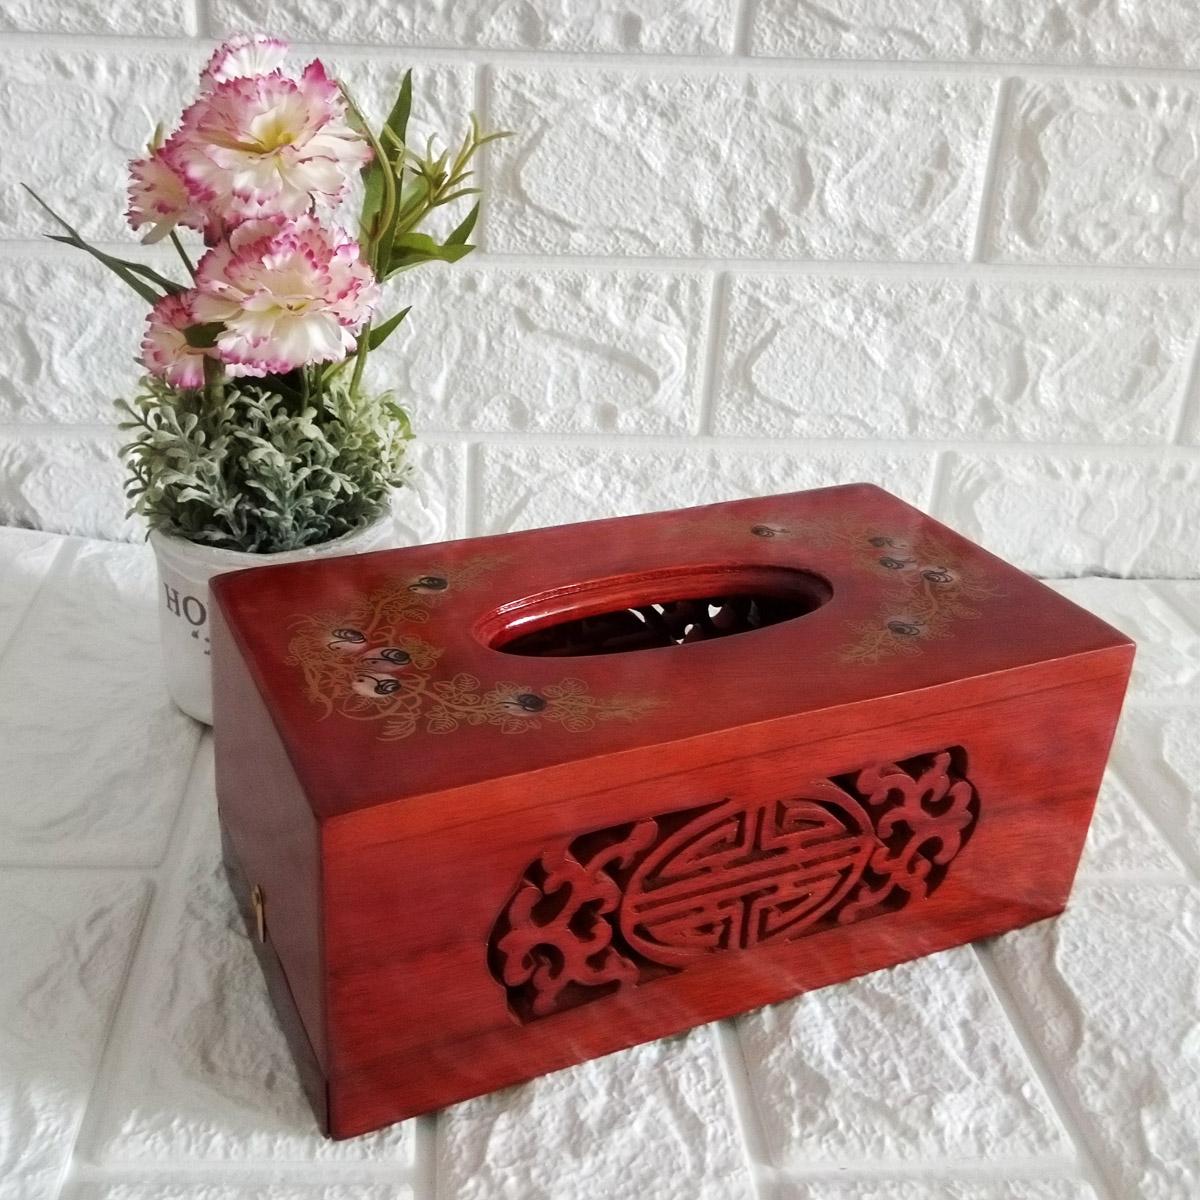 Bộ 3 món tiện ích bằng gỗ hương đỏ ,Hộp Trà trung, hộp tăm,hộp giấy COM3M02
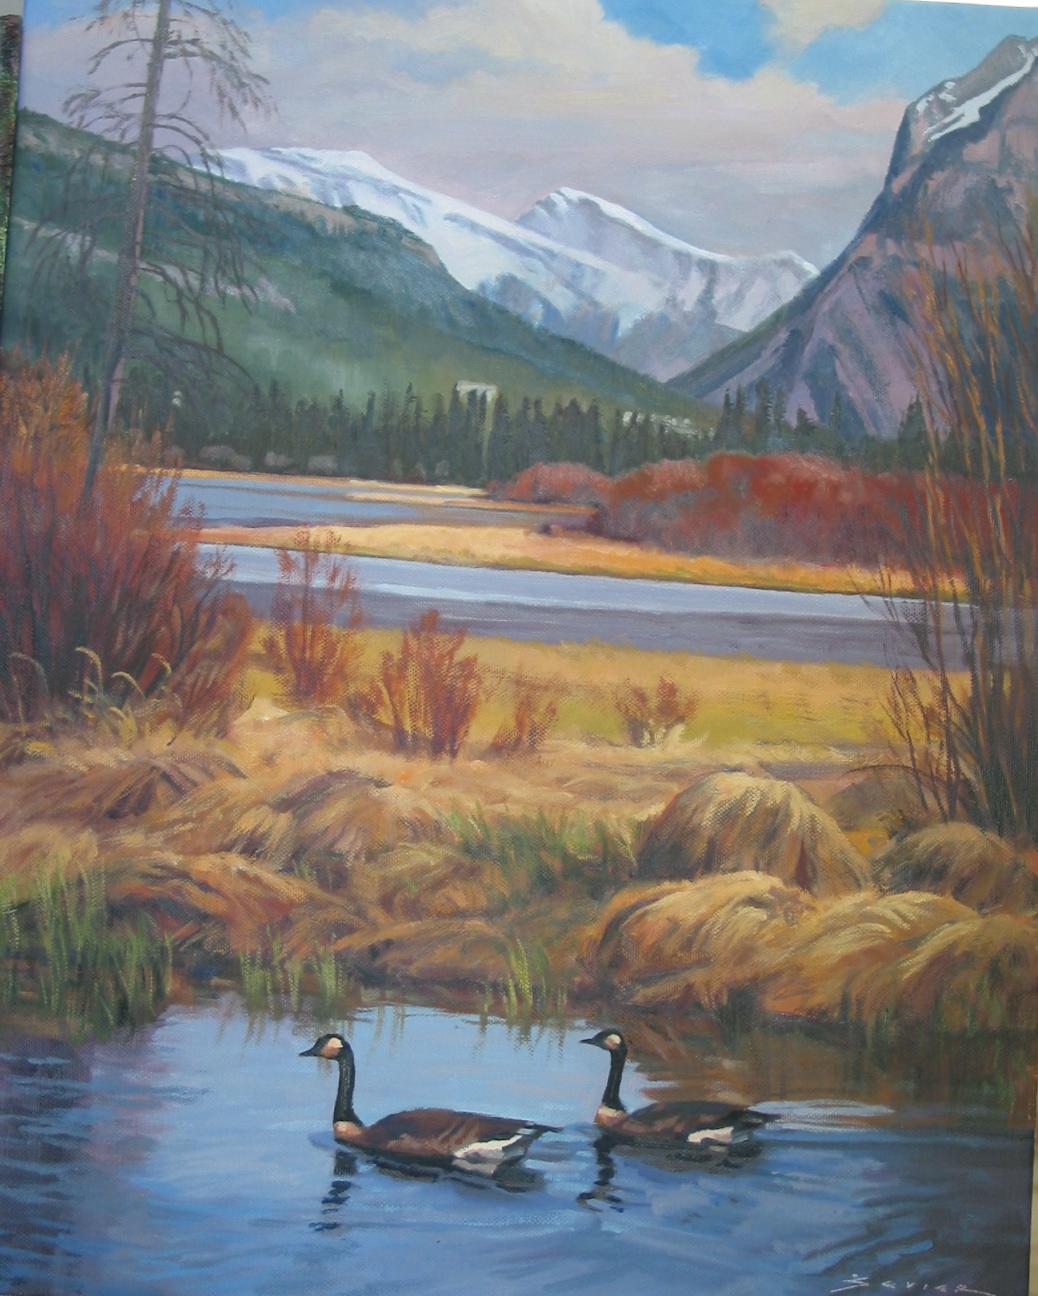 Banff Alberta, 20 x 16, oil
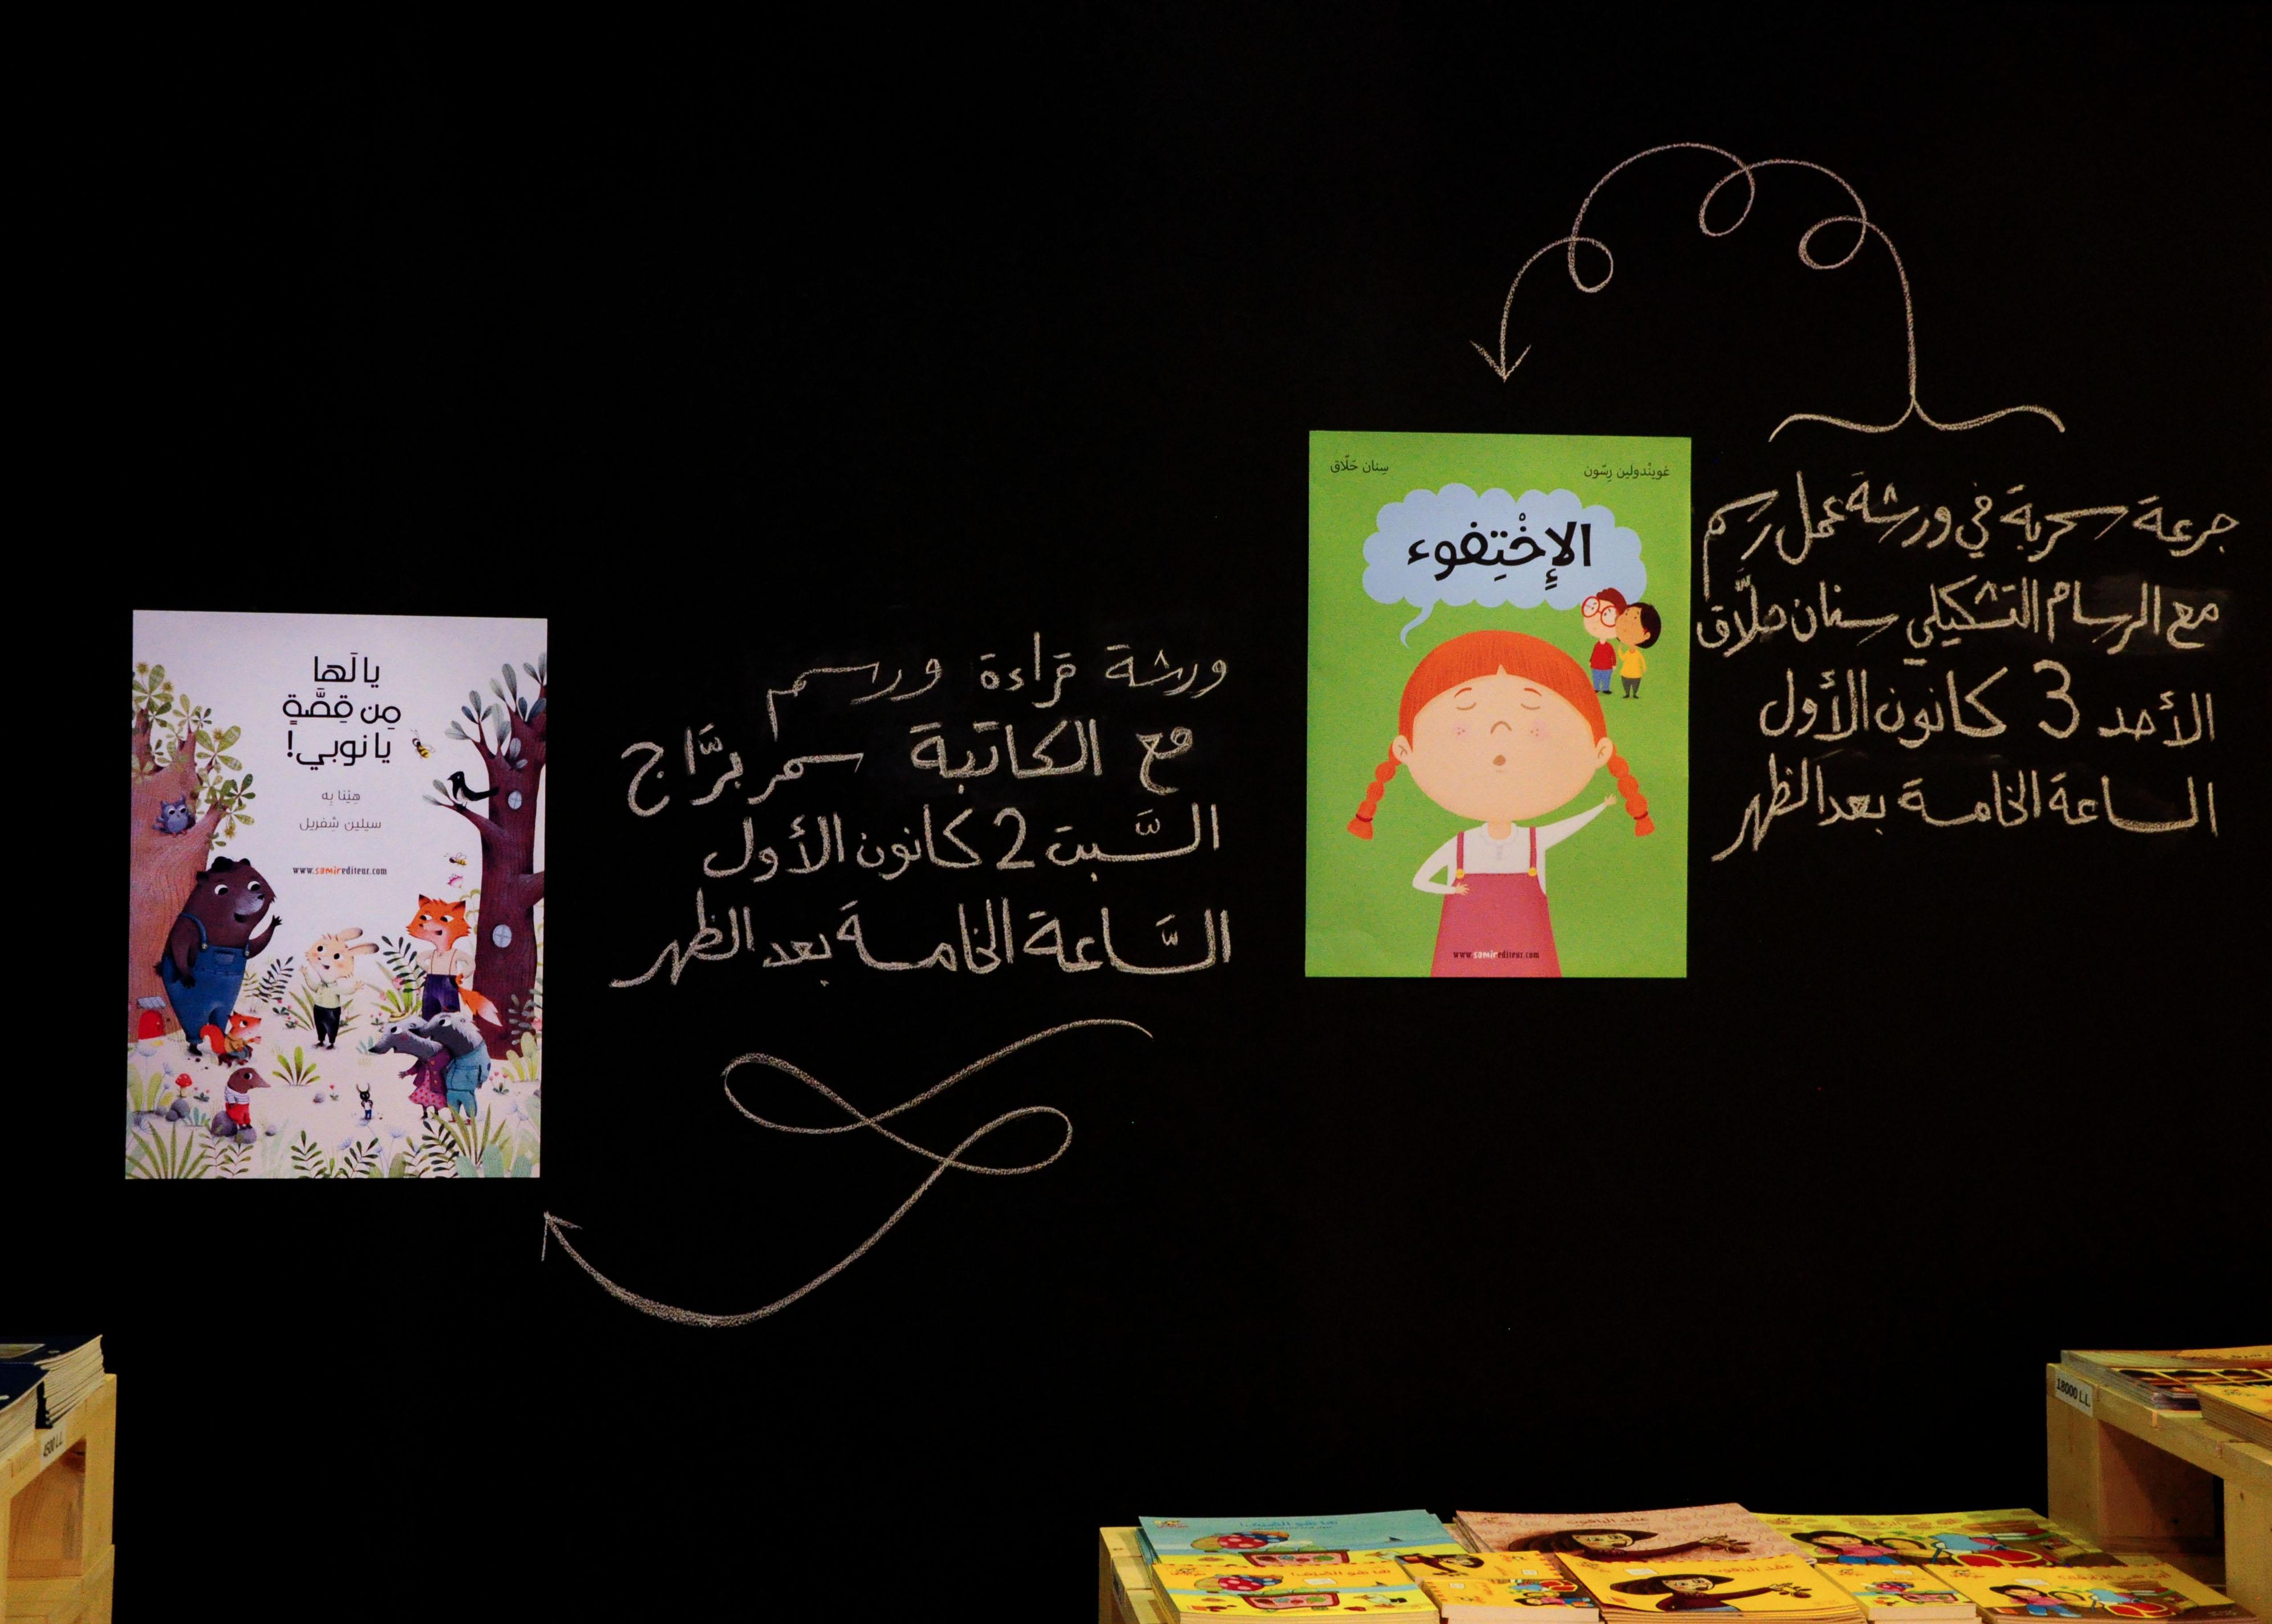 Salon du livre arabe de beyrouth 2017 samir diteur for Salon du livre 2017 montreuil

=======

■ Assignment ■
For this exercise, retype exactly, and only, the lines from the line with "Banff Alberta, 20 x 16, oil" through the last line of the material above, both included. Pictures stay out.

■ Reply to the task ■
 Banff Alberta, 20 x 16, oil
 Salon du livre arabe de beyrouth 2017 samir diteur for Salon du livre 2017 montreuil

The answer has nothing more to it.